* **Task to complete**: Beginning with the line that has "Rush Rush. A" and ending with the line that has "Brasserie Union-B", retype the entries below exactly, except for the pictures.

:: Input data

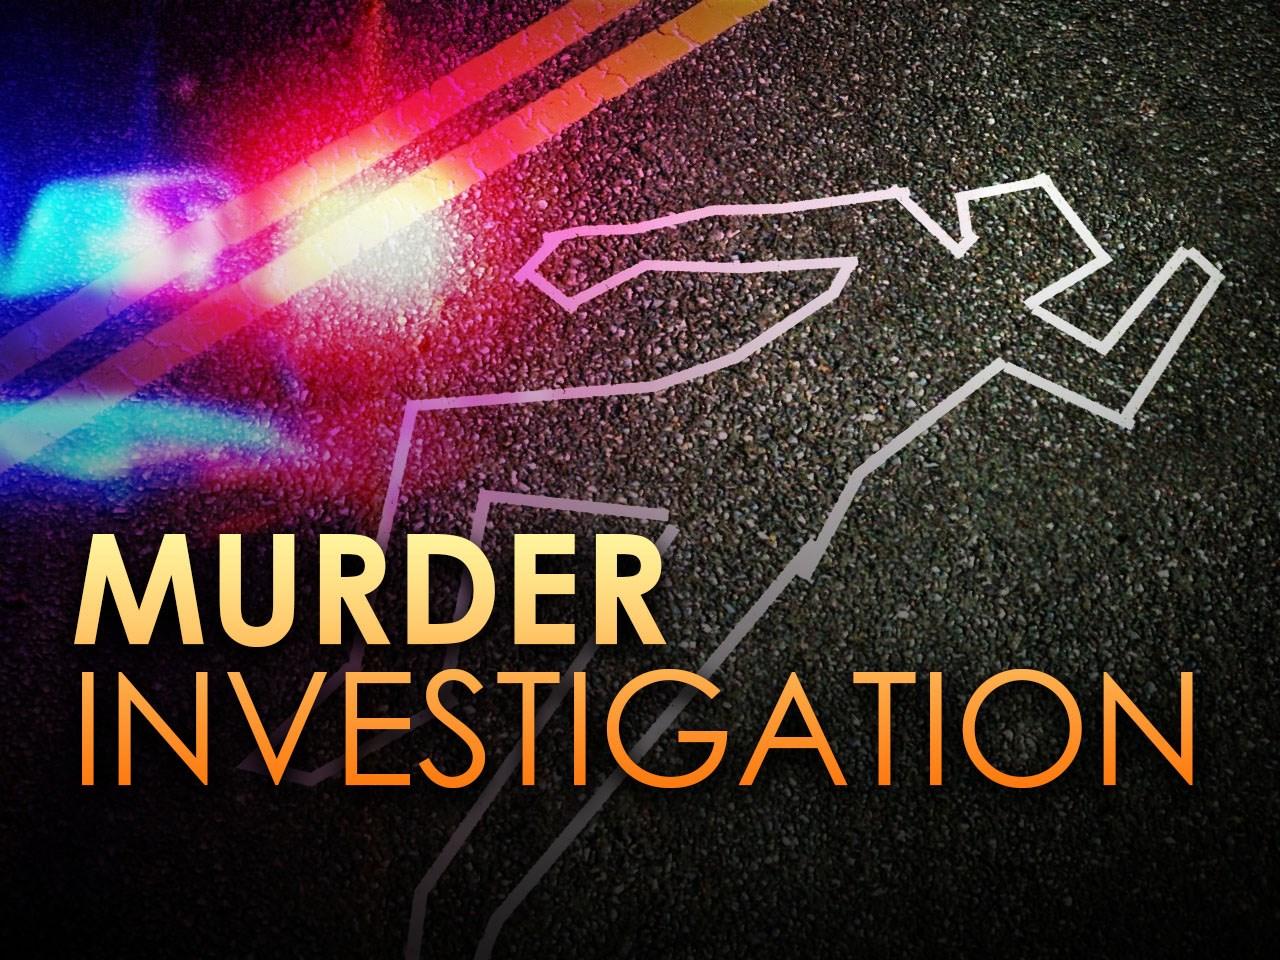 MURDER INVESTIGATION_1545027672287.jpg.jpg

::::
:: Input data

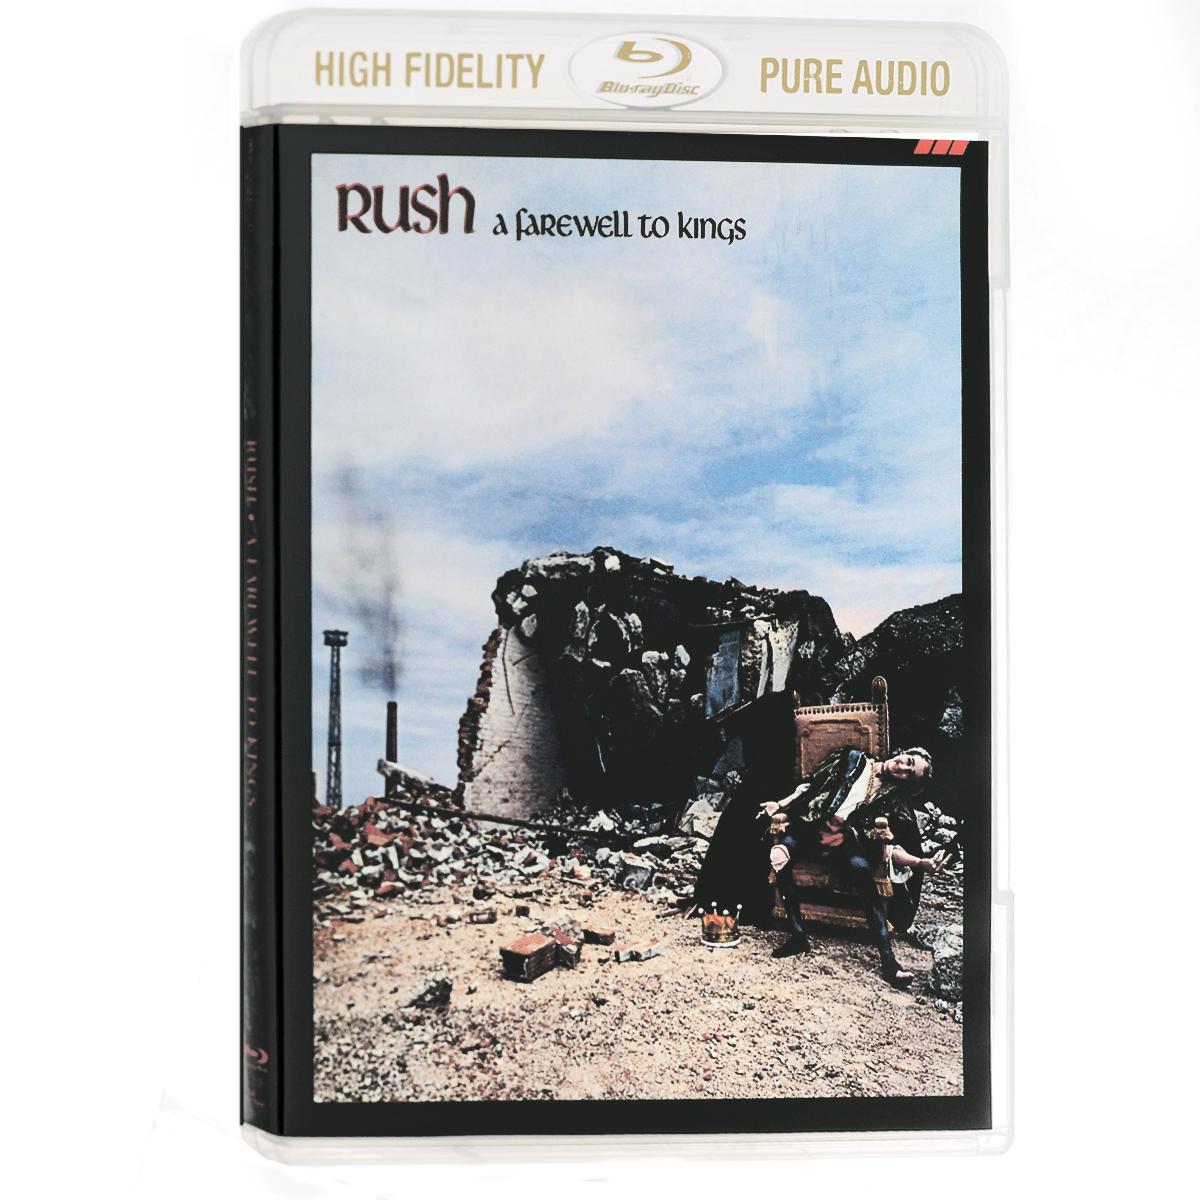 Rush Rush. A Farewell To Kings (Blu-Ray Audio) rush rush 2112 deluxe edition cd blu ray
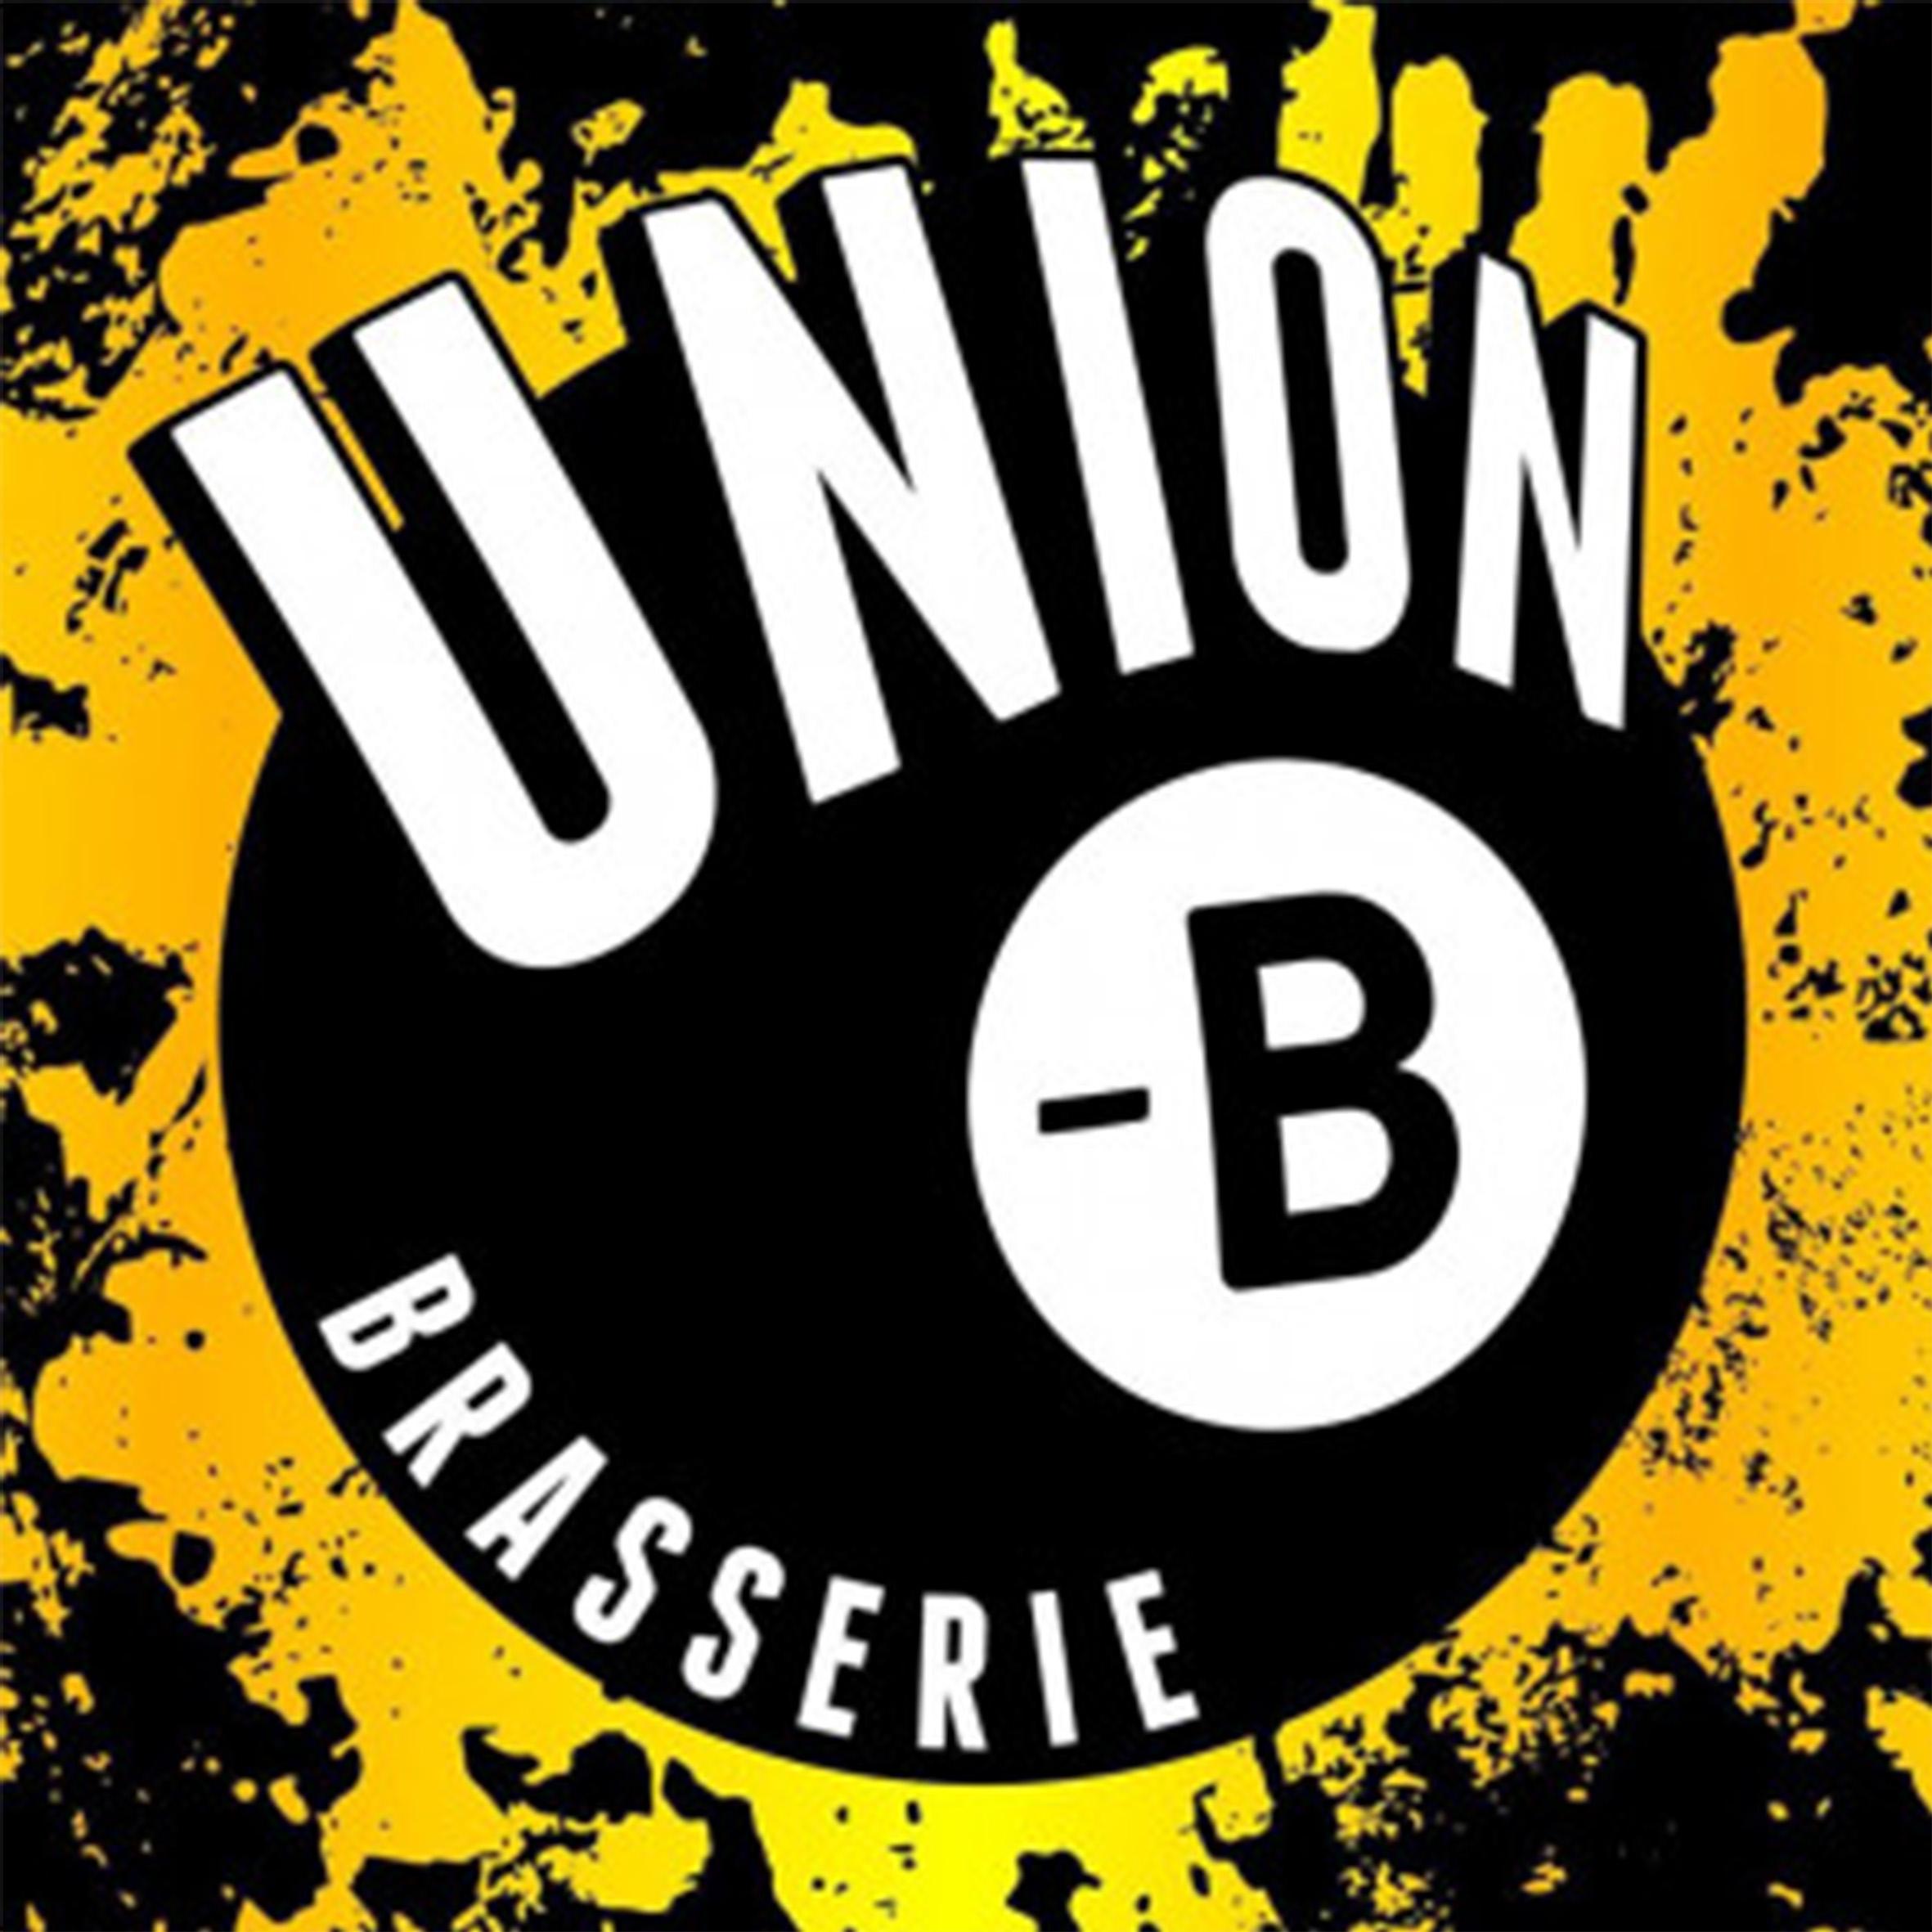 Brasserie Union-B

::::

* **Solution for this exercise**:
 Rush Rush. A Farewell To Kings (Blu-Ray Audio) rush rush 2112 deluxe edition cd blu ray
 Brasserie Union-B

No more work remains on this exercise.